## Overfitting
**Underfit**: the curve/hypothesis function cannot fit the training set well
- Means the algorithm has **High bias** (pre-conception)

**Overfit**: the learned hypothesis may fit the training set well, but fail to generalize to new examples 
- The generated hypothesis has **High variance**

### Solutions
- Reduce number of features
    - Manually select or use selection algorithm
    - At the cost of throwing away some useful information
- Regularization: Keep all the features, but **reduce magnitude** of parameters $\theta_j$
    - Work well when we have lots of features, each of which contributes slightly (not largely) to predicting $y$
    
### Regularization
Use **penalty (Cost)** to make parameters small: Add penalty to the cost function
- Select a few target parameters $\theta$ or apply to all parameters
    - $min_\theta J(\theta) = \frac{1}{2m}\sum_{i=1}^m(h_{\theta}(x^{(i)})-y^{(i)})^2 + \lambda \sum_{j=1}^n \theta^2_j$
    - Do not penalize the $\theta_0$
- Use Regularization Parameter $\lambda$ to control the tradeoff between the underfitting and overfitting
    - Extremely large $\lambda$ will force all $\theta$ to become 0, which results in underfitting
    
#### Regularized Linear Regression
##### Regularize the gradient descent
Repeat{

$\theta_0 := \theta_0 - \alpha*\frac{1}{m}\sum_{i=1}^m[(h_{\theta}(x^{(i)})-y^{(i)})*x_0^{(i)}]$
    
$\theta_j := \theta_j - \alpha*\{\frac{1}{m}\sum_{i=1}^m[(h_{\theta}(x^{(i)})-y^{(i)})*x_j^{(i)}]+\frac{\lambda}{m}\theta_j\}$=$\theta_j(1-\alpha*\frac{\lambda}{m}\theta_j) - \alpha*\frac{1}{m}\sum_{i=1}^m[(h_{\theta}(x^{(i)})-y^{(i)})*x_j^{(i)}]$$, j \in {1, 2, ...,n}$

}

Observation: In addition to the regular reduction through gradient descent, the $\theta_j$ also **shrinks with the factor** $(1-\alpha*\frac{\lambda}{m}\theta_j)$

##### Regularize the Normal Equation
![W3-REG-LP-NE](Plots/W3-REG-LP-NE.png)
Observation: L is an identity matrix with size (n+1)*(n+1)

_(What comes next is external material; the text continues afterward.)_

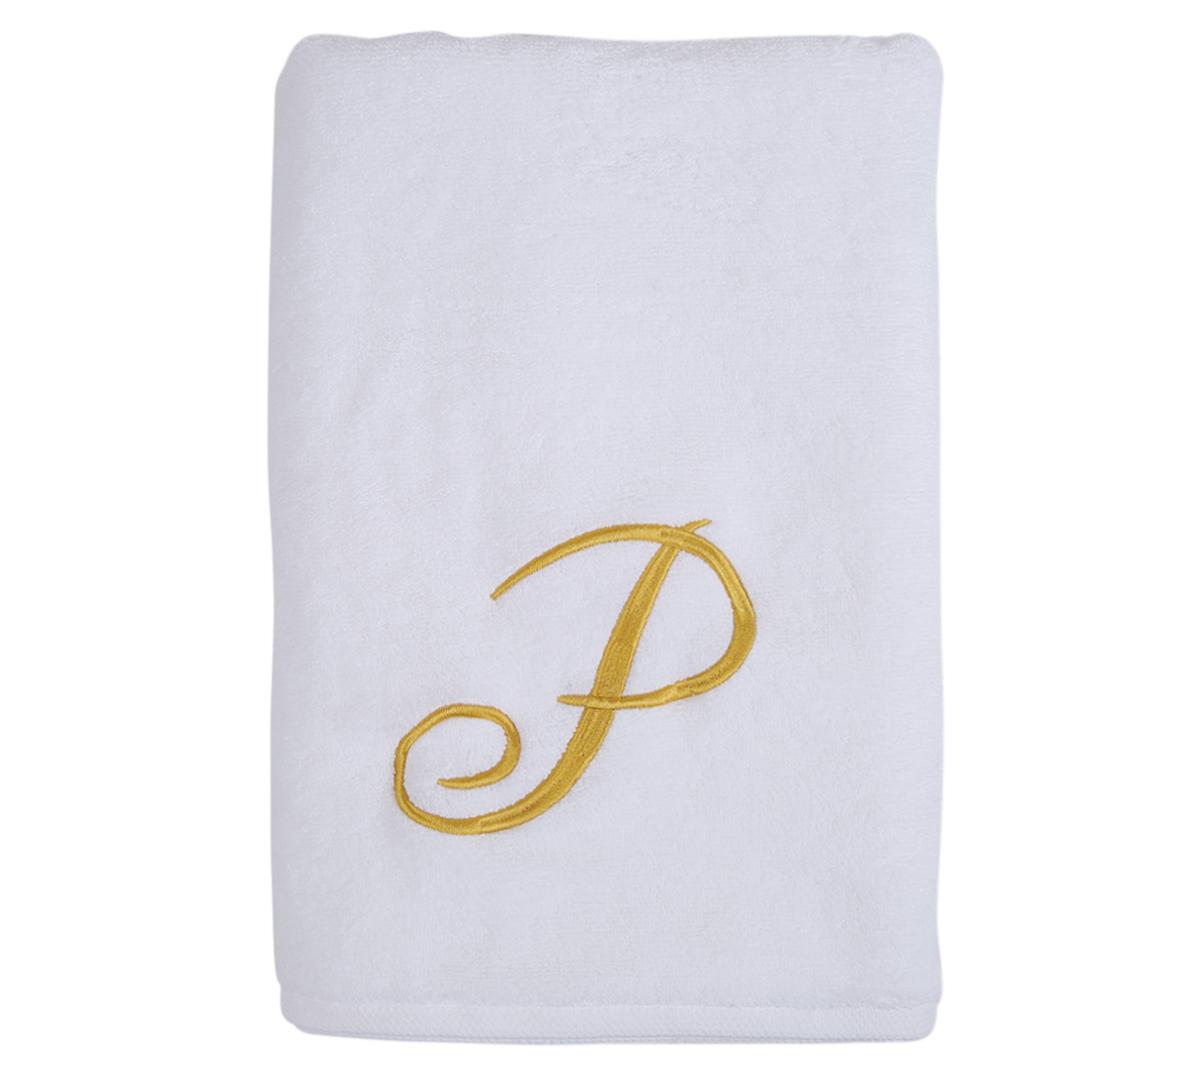 Alphabet Bath Towel 70x140cm Letter P

#### Regularized Logistic Regression
$J(\theta)=-\frac{1}{m}\sum^m_{i=1}[y^{(i)}log(h_{\theta}(x^{(i)})+(1-y^{(i)})log(1-h_{\theta}(x^{(i)}))]+\lambda \sum_{j=1}^n \theta^2_j$

##### Regularize the gradient descent
Repeat{

$\theta_0 := \theta_0 - \alpha*\frac{1}{m}\sum_{i=1}^m[(h_{\theta}(x^{(i)})-y^{(i)})*x_0^{(i)}]$
    
$\theta_j := \theta_j - \alpha*\{\frac{1}{m}\sum_{i=1}^m[(h_{\theta}(x^{(i)})-y^{(i)})*x_j^{(i)}]+\frac{\lambda}{m}\theta_j\}, j \in {1, 2, ...,n}$

}